With the National Theatre Live’s screening of a performance of James Graham’s play DEAR ENGLAND at the Oliver Theatre,  National Theatre in London, the marvellous world game, that is football, takes centre stage.

The play premiered on the 20th June 2023 at the National Theatre, with Rupert Goold directing.

Front and centre of the stage is England’s long time coach Gareth Southgate, played brilliantly by  Joseph Fiennes.

Graham’s play takes the audience on a journey from the time when Southgate took over as England’s manager, to  begin with in a caretaking capacity, after yet another unsuccessful World Cup campaign in which they were knocked out  in the first round by, of all teams, Iceland, to the time after  England were knocked out  in the quarter finals of the 2022 World Cup against France after their captain Harry Kane missed  a penalty late in the game.England did get over the disappointment and Southgate managed to keep his job and remains to this day the national coach.

My knowledge of English soccer is fairly basic. I know which are the top teams in the Premier League and I watch every match that England plays in any World Cup.
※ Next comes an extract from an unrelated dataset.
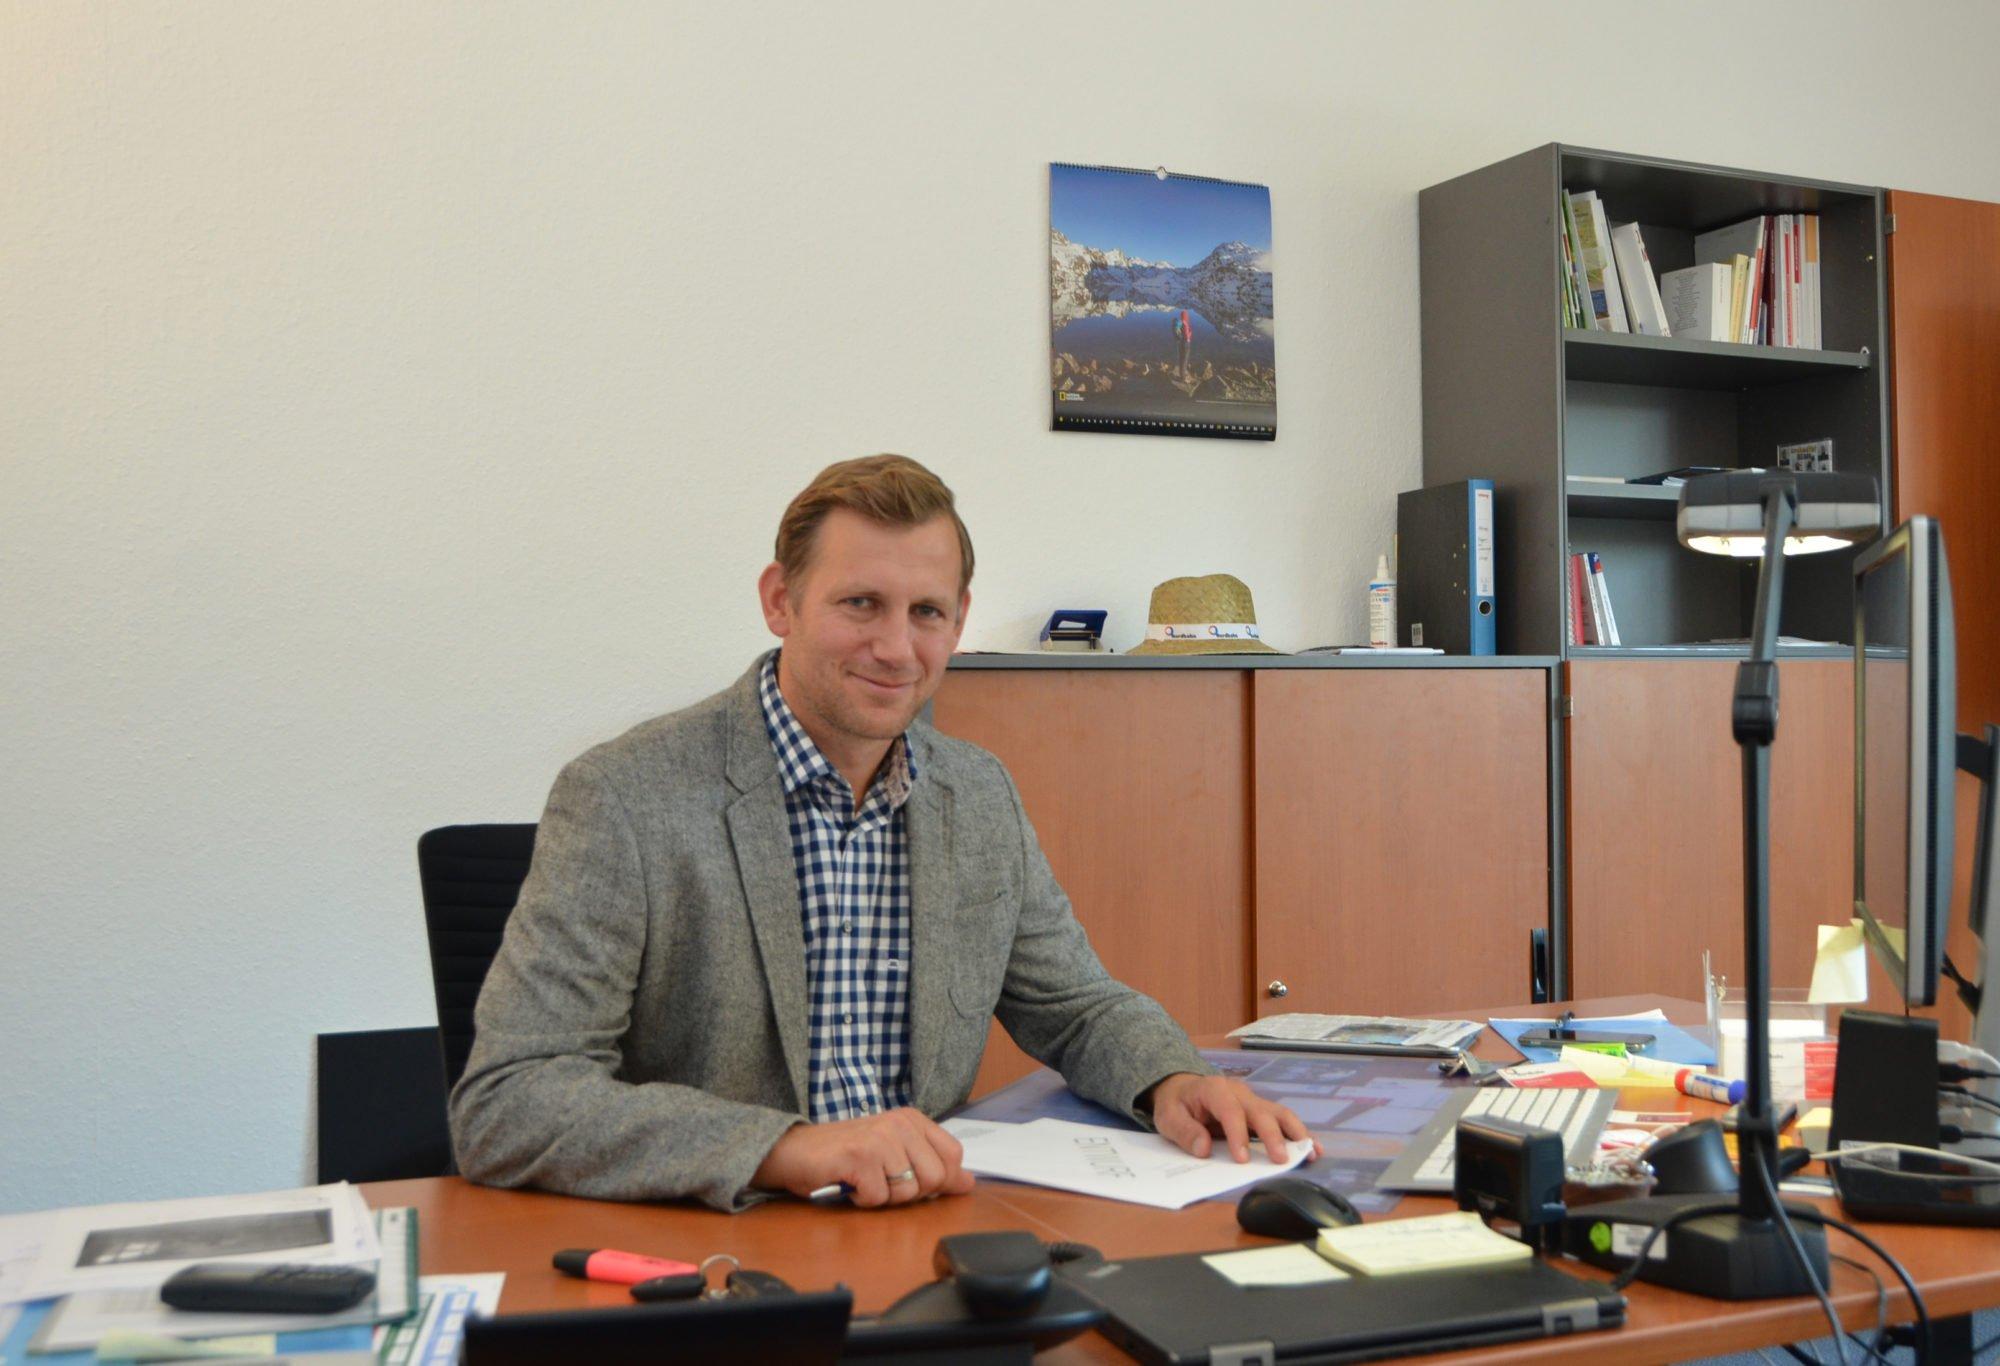 Micha Schaub sitzt an einem Schreibtisch und schaut lächelnd in die Kamera.

I knew that Southgate was their coach, and apart from knowing that he had been a very good player I knew little about him.

DEAR ENGLAND  was an engrossing experience from beginning to end. Wow, I didn’t realise that Southgate was such an inspirational, New Age coach who really changed things up for the top level of English soccer. Most of all he tried to change the psyche of the players in to a more positive mode. He brought in leading psychologist Pippa Grande to get to work on what was happening in their heads.

There was particular reference to how players can reframe their thinking on how best to manage penalty kicks, the failure of which has seen England eliminated early on a number of occasions. Southgate himself knew the experience of getting the yips when taking a penalty kick, failing to find the net for England in the 1996 Euro semi finals. Most of all what Southgate wanted was for his players to always play as a team , and that he team was more important than any individual, that they had to back each other in failures as well as successes.

Southgate’s ultimate goal is, of-course, for England to win the World Cup which it hasn’t managed to do so since 1966 when they played at home. The long standing frustration of English supporters is very palpable, especially with England being the country where the world game originally started from, and that the Premier League is widely regarded as the best league in the world.

During the height of Covid, Southgate wrote an open letter to the English public asking for them to keep the faith and that things will  turn around. Hence the play’s title.

As well as getting to know Southgate, the audience gets to know some of the main players and managers of the English team past and previous, well played by the ensemble cast. Players like Harry Kane, Wayne Rooney, Gary Lineker and Marcus Rashford vividly and often quite comically come alive.

Rupert Goold’s exemplary production of James Graham’s eye opening play, filmed by National Theatre Live, is recommended especially for football tragics/lovers and for those who are interested in seeing how new age thinking and sensitivities has found a place in such a hard, fast and very masculine sporting world.